Usually no. Canon firmware updates preserve the Settings/Registration tree and the Address Book. Two exceptions: a Service Mode firmware downgrade resets to factory; and any update that changes the EAP-TLS minimum cipher suite requires the cert to be re-uploaded. Always export your settings (Remote UI -> Settings/Registration -> Management Settings -> Data Management -> Export) before any major firmware jump.
Why does the panel show 'Setting up' for 5+ minutes after I touch nothing?
That's the printer rebuilding its mDNS / SLP service-advertisement table after a network event - new DHCP lease, gateway change, or a Bonjour helper restart on the LAN. It's harmless. If it lasts more than 8 minutes, there's likely a duplicate-IP collision; check your DHCP scope.
Can I run this with no router (printer-as-AP)?
Yes. Canon PIXMA G-series and some MAXIFY models support 'Wireless Direct' (the printer broadcasts its own SSID). Useful for site work, but you lose internet on the connected device while it's joined to the printer's SSID. iOS and Android handle this gracefully; Windows 11 sometimes drops the cellular fallback if you don't explicitly set 'metered' on the printer SSID.
Do I need a static IP for the printer?
Yes if you've configured destinations on PCs / file shares by IP. No if everything talks via mDNS / Bonjour or DNS hostname.

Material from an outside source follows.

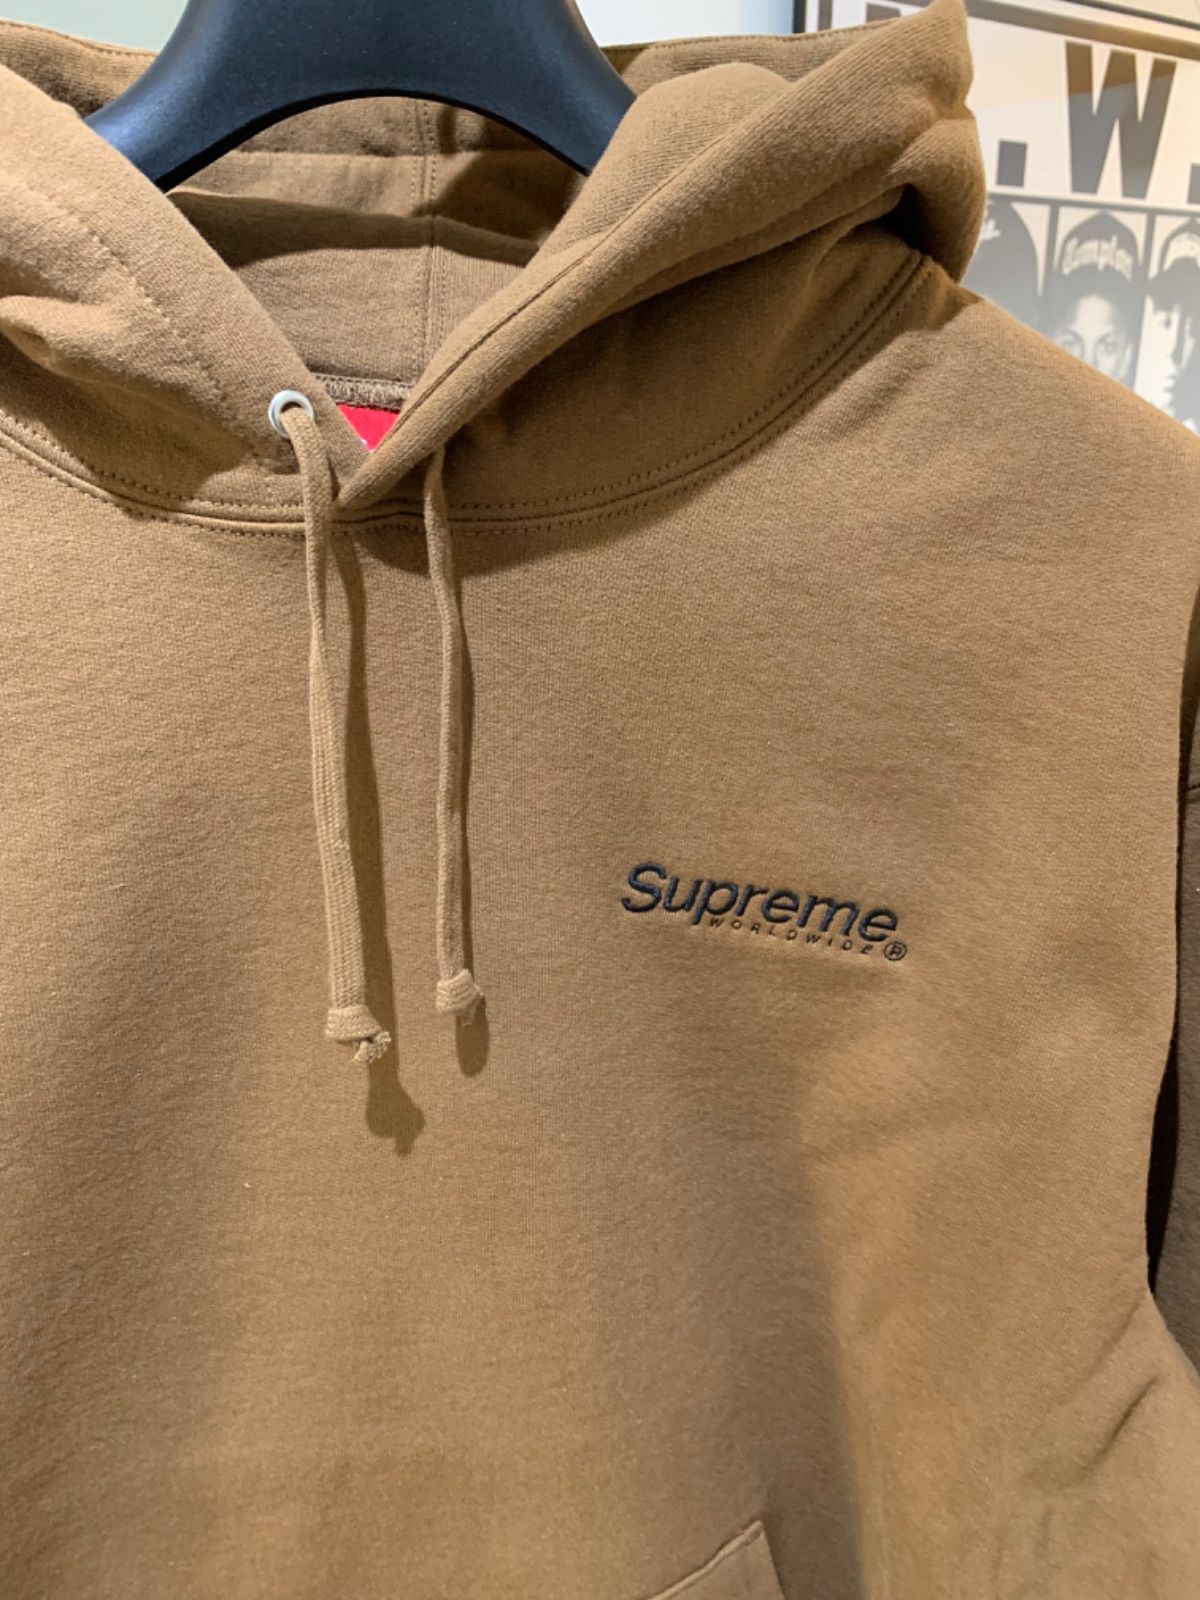 Supreme Worldwide Hooded Sweatshirt

The cleanest setup: DHCP reservation on the router (so the printer always gets the same IP) + an A record on your DNS server pointing to that IP. Then drivers and address books reference the hostname, and the IP can change without breaking anything.
What's the realistic lifetime on this Canon inkjet and laser?
Mechanical life is 30,000-150,000 pages depending on model class. PIXMA G-series EcoTanks I've seen last 4-5 years in a 100-page-a-day print shop. imageRUNNER ADVANCE A3 multifunctions in a 5,000-page-a-month office last 6-8 years on parts-only service. The first failure is usually the maintenance box (waste ink pad) on inkjets or the fuser on lasers - both are end-user replaceable at 800-2,500 INR per part.
What if I'm doing this remotely for a customer?
Canon Remote UI over the public internet is a bad idea. Instead: VPN into the customer's network (Tailscale on a Raspberry Pi works beautifully for small offices), then access Remote UI on the LAN IP. uniFLOW Online and Canon Cloud Service let you push some settings via the cloud, but for SMTP / WiFi / cert work you really need direct Remote UI access.